# Excellent Domino Shelf Jig



## Chems (18 May 2010)

Gotta do this on my next project and happened to come across this.

http://www.youtube.com/watch?v=Zky_hZc4 ... r_embedded


----------



## Mattty (18 May 2010)

Thats an excellent tip mate, thanks.


----------



## Benchwayze (5 Jun 2010)

Another one in my 'round tuit' folder. Want to work out a method for using a router for this.

I have the domino biscuits! :wink: 

John


----------



## gidon (5 Jun 2010)

Yes very useful tip - see earlier post!
https://www.ukworkshop.co.uk/forums/domi ... 37467.html
Cheers
Gidon


----------



## Chems (5 Jun 2010)

Ah yes I read that thread but missed that one.
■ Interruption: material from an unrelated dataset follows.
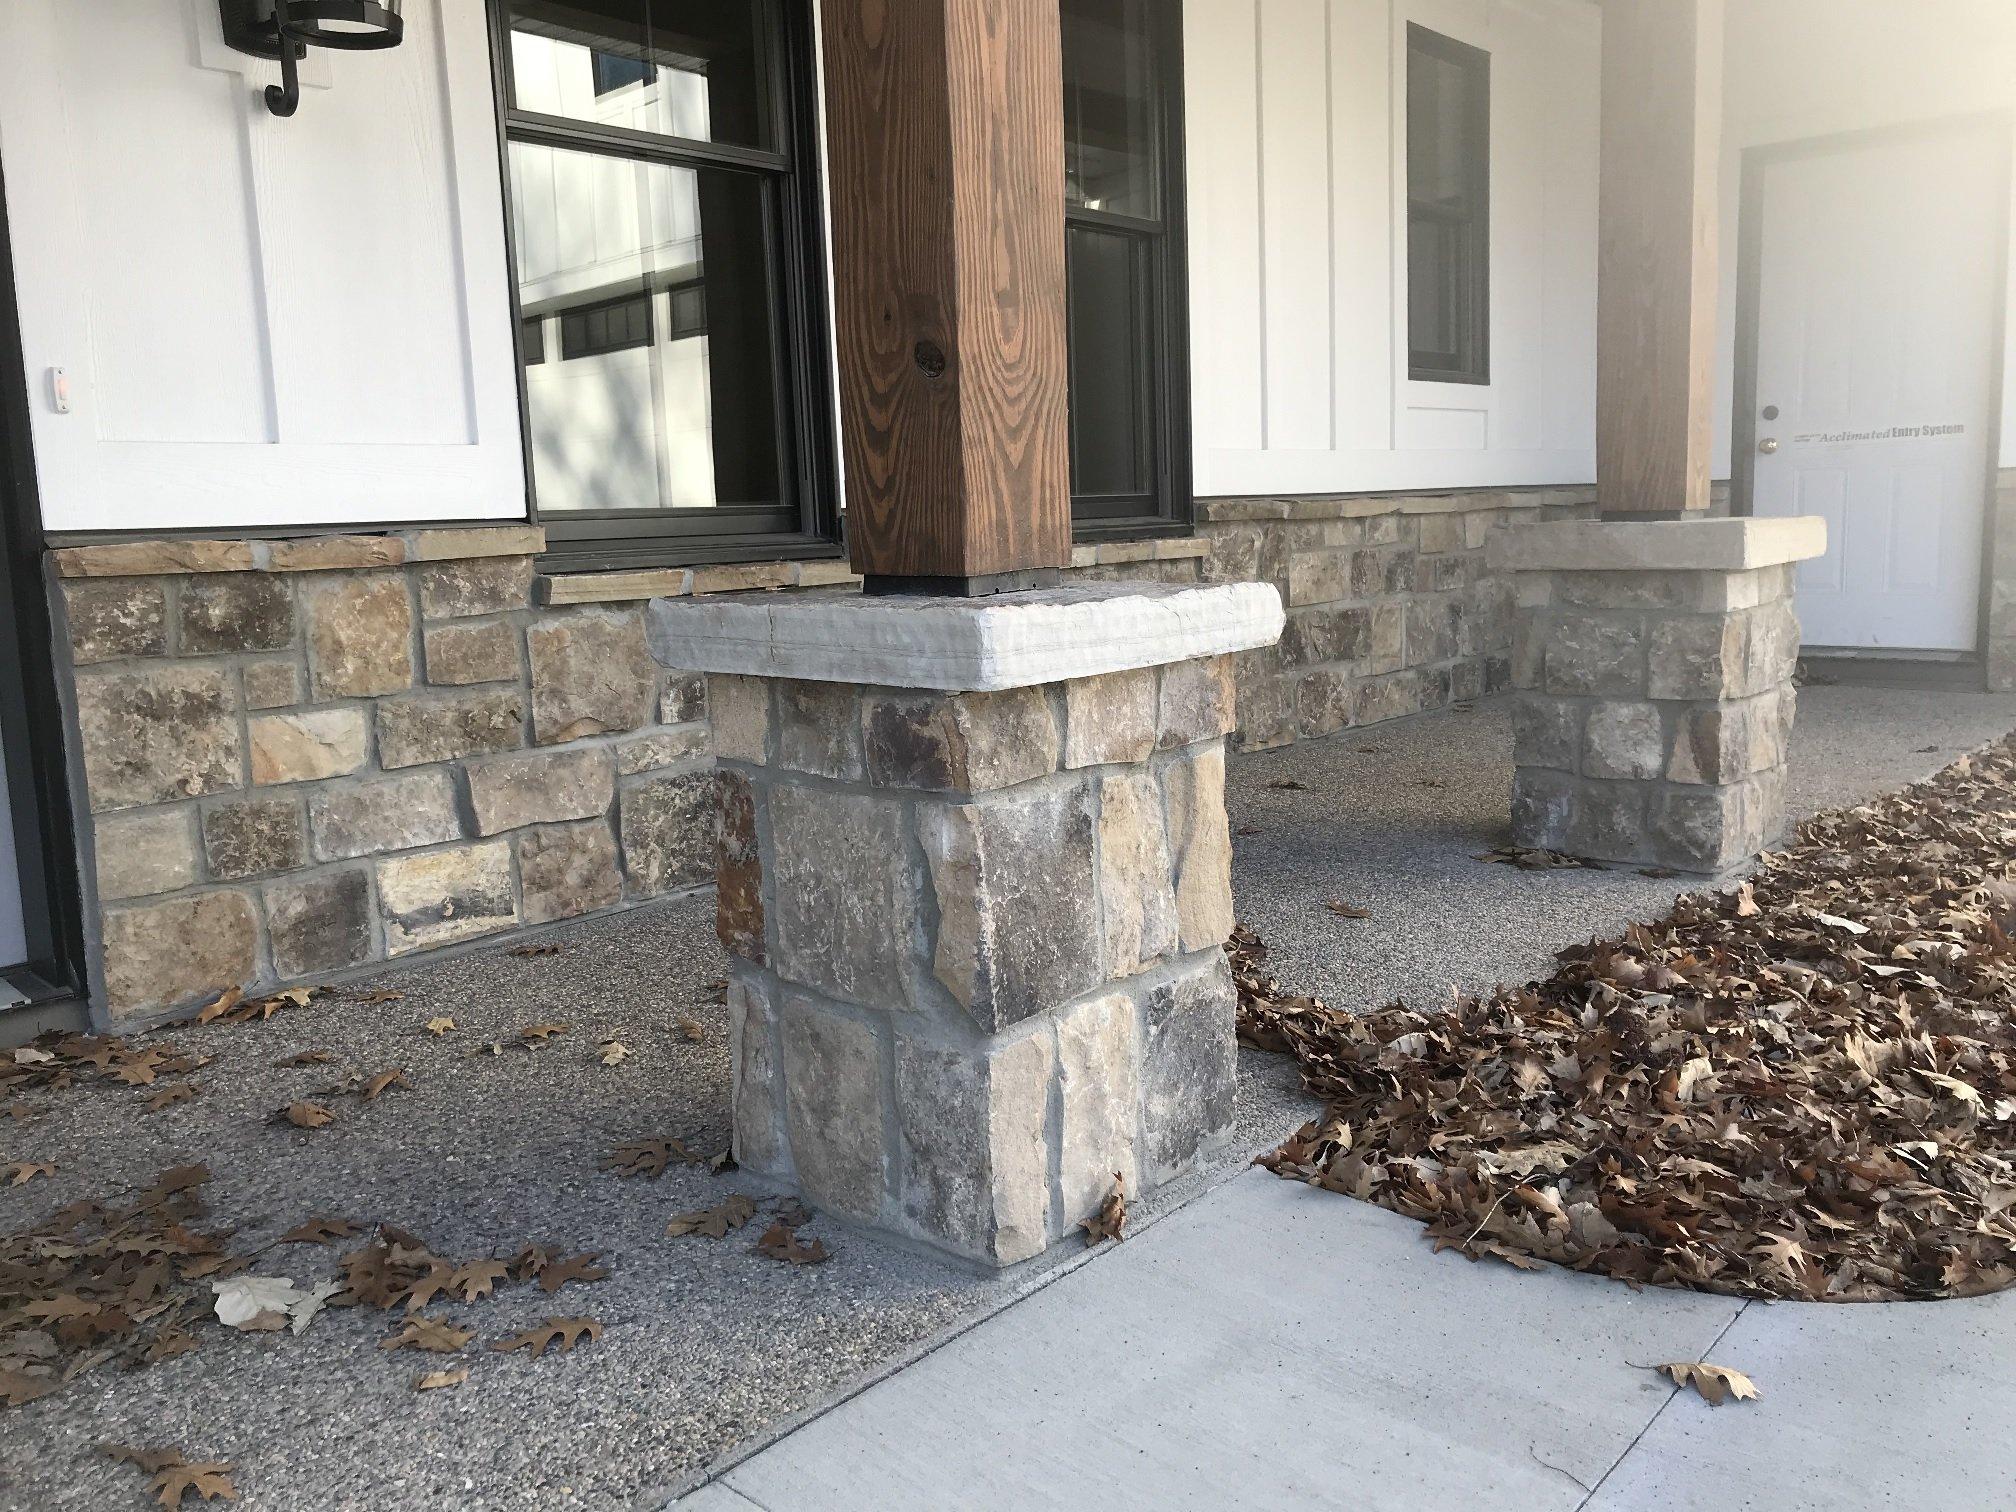 Whistler Real Thin Stone Veneer Wainscoting and Pillars

Its a goodune.


----------



## Brian Jackson (23 Jun 2010)

First get your Domino and I can feel one coming on!


----------



## RussianRouter (24 Jun 2010)

Chems":2qb44ebc said:


> Gotta do this on my next project and happened to come across this.



The jig would have to be retractable for different widths of wood,otherwise you would have to make different sized jigs to suit.

Anyway I thought that tip was doing the rounds? it showed how to do that in the instructions of my biscuit jointer,so nothing new there


----------